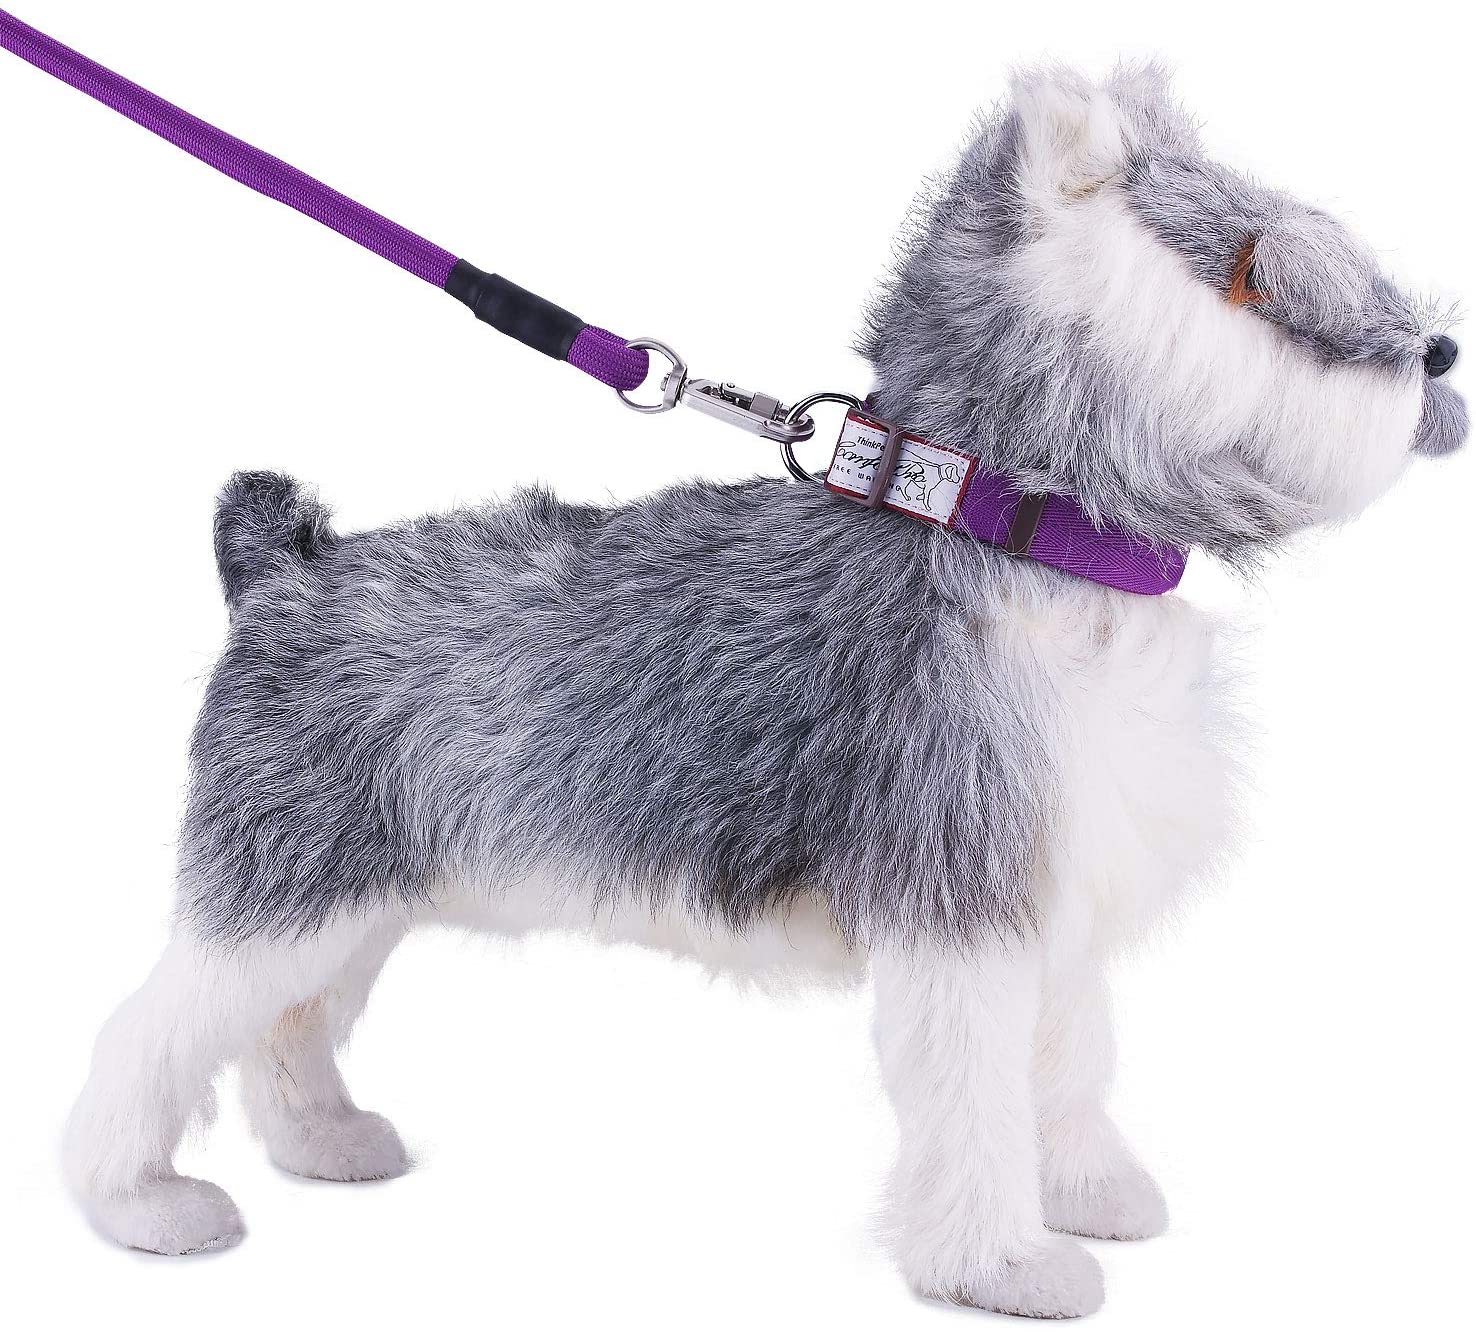  ThinkPet ComfortPro Kit de Correa y Collar Perro Conjunto Correa de Cuerda Resistente y Collar Ajustable para Perros Mediano Grande para Paseo 
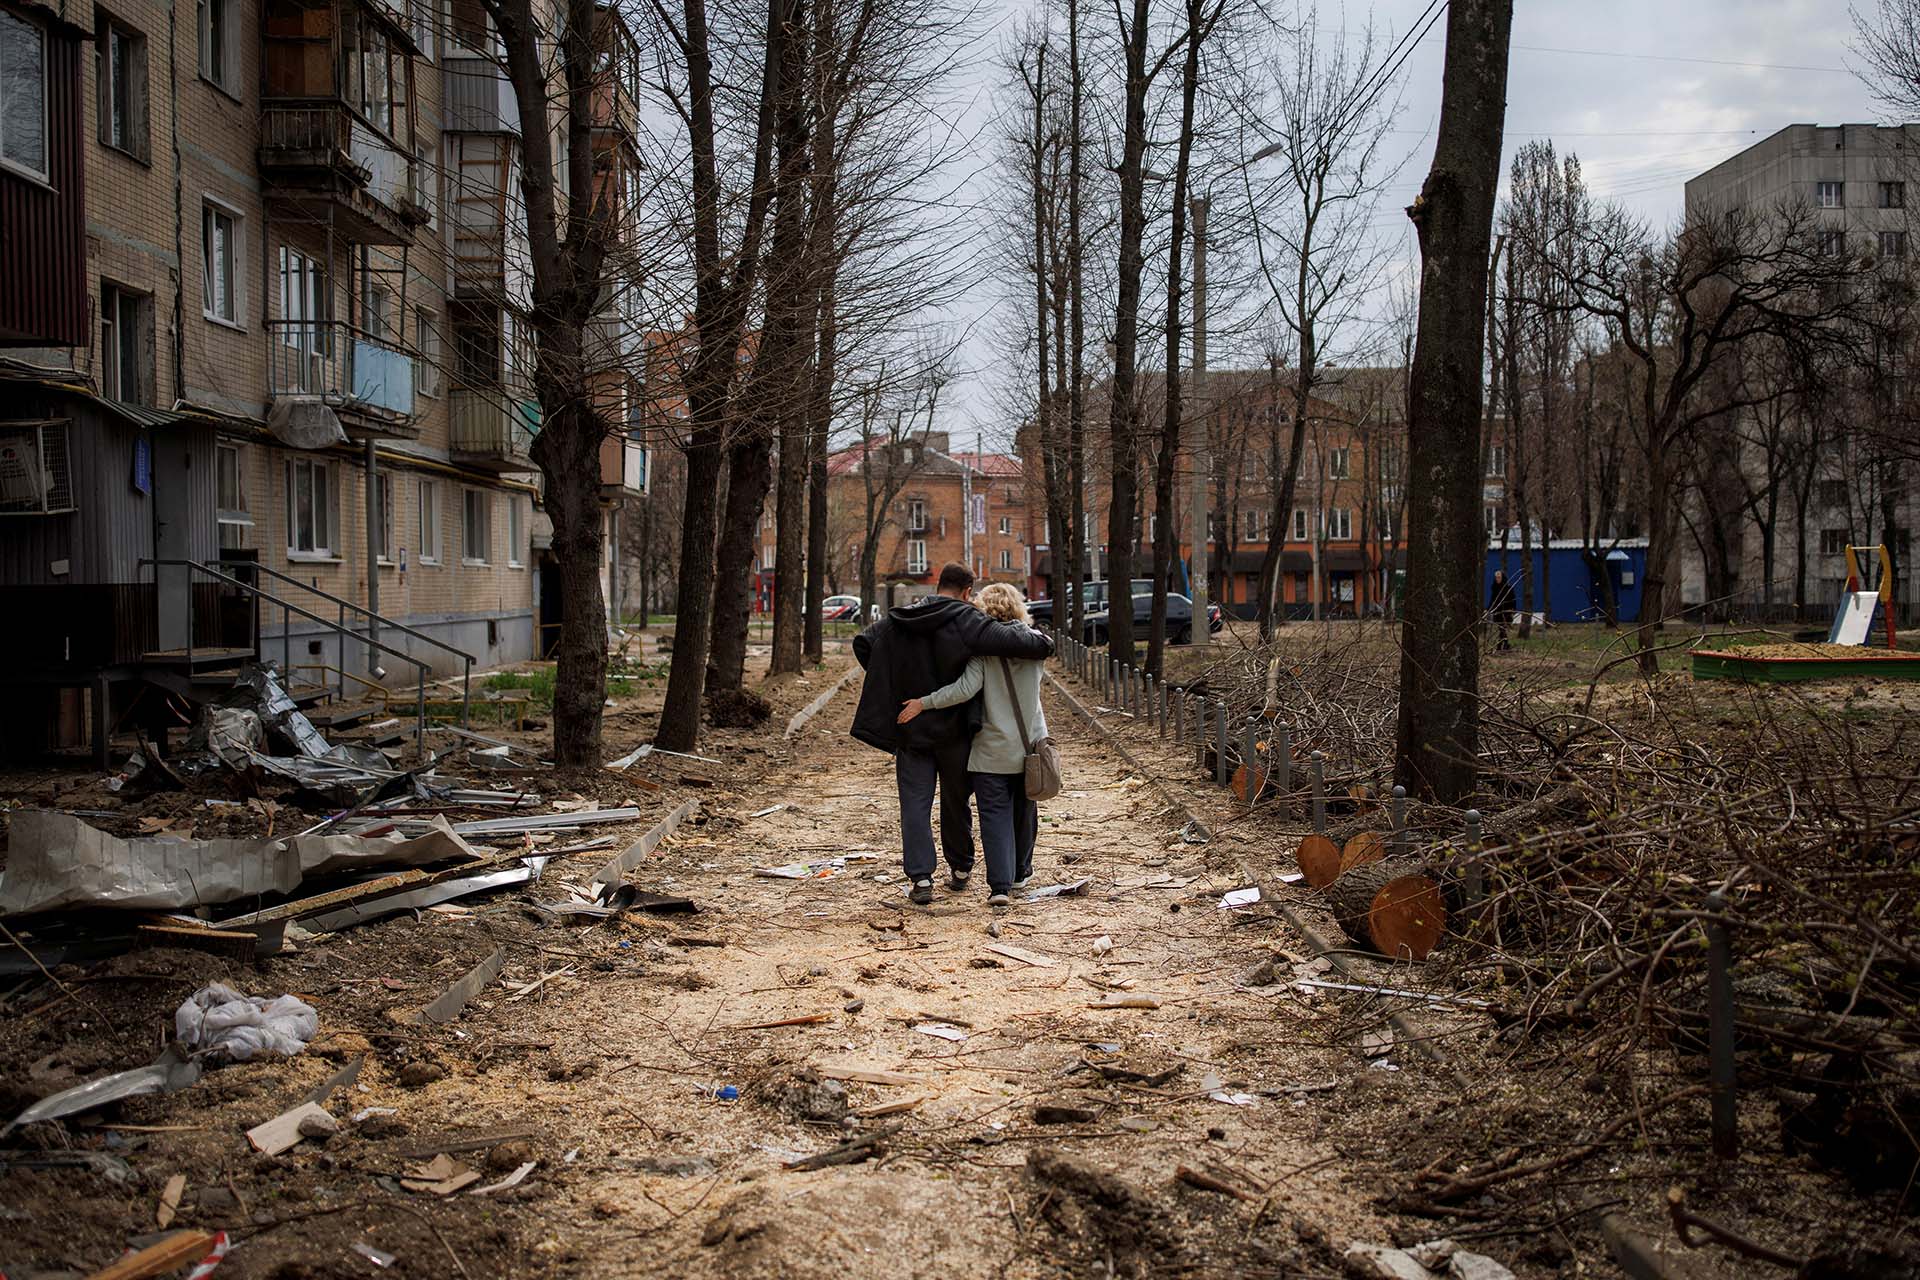 Una pareja camina abrazada entre edificios bombardeados por Rusia en la ciudad de Kharkiv, Ucrania (REUTERS/Alkis Konstantinidis)
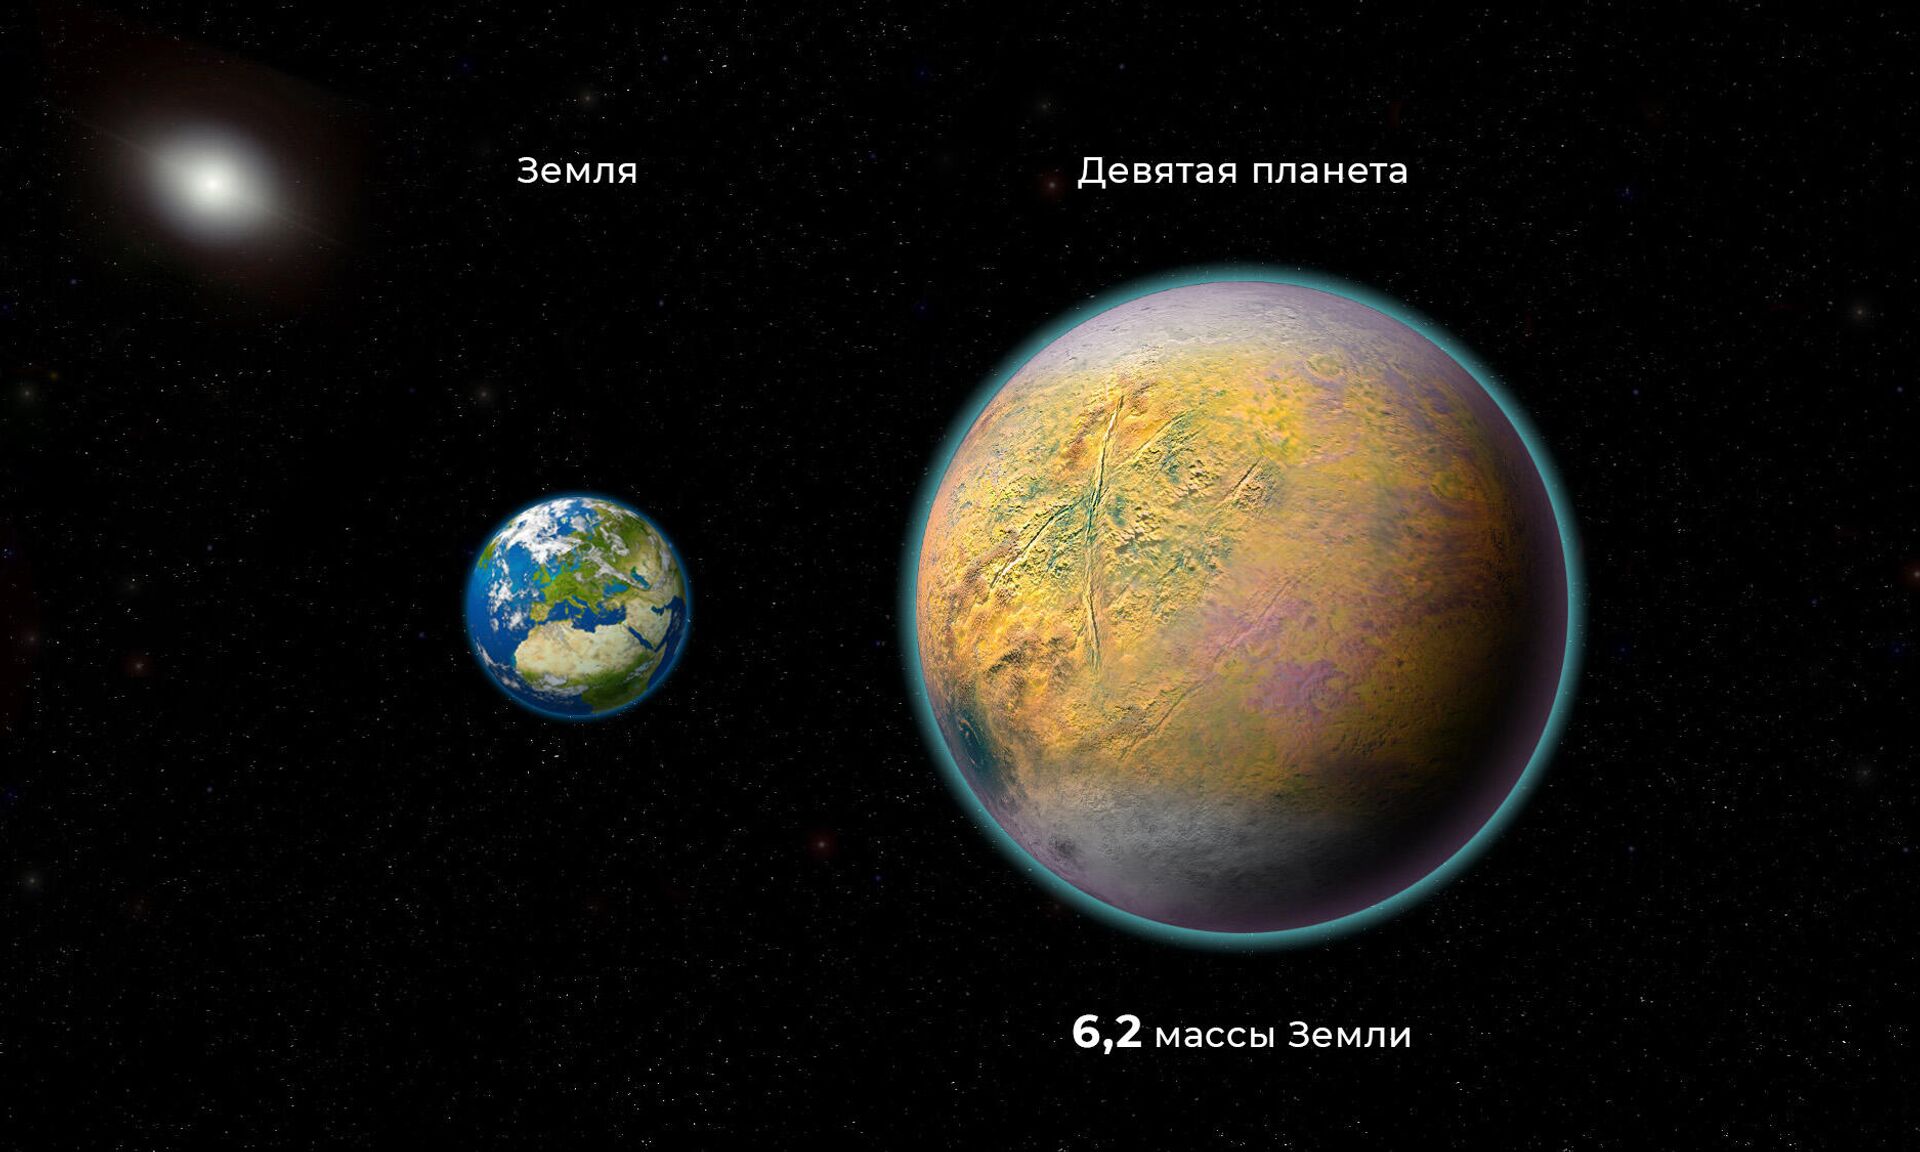 Сравнение размеров Земли и Девятой планеты - РИА Новости, 1920, 15.09.2021

What the exercise asks: The lines from the one containing "Una pareja camina" to the end of the material must be output exactly, both ends included; no picture may appear.

Solution below:
 Una pareja camina abrazada entre edificios bombardeados por Rusia en la ciudad de Kharkiv, Ucrania (REUTERS/Alkis Konstantinidis)
 Сравнение размеров Земли и Девятой планеты - РИА Новости, 1920, 15.09.2021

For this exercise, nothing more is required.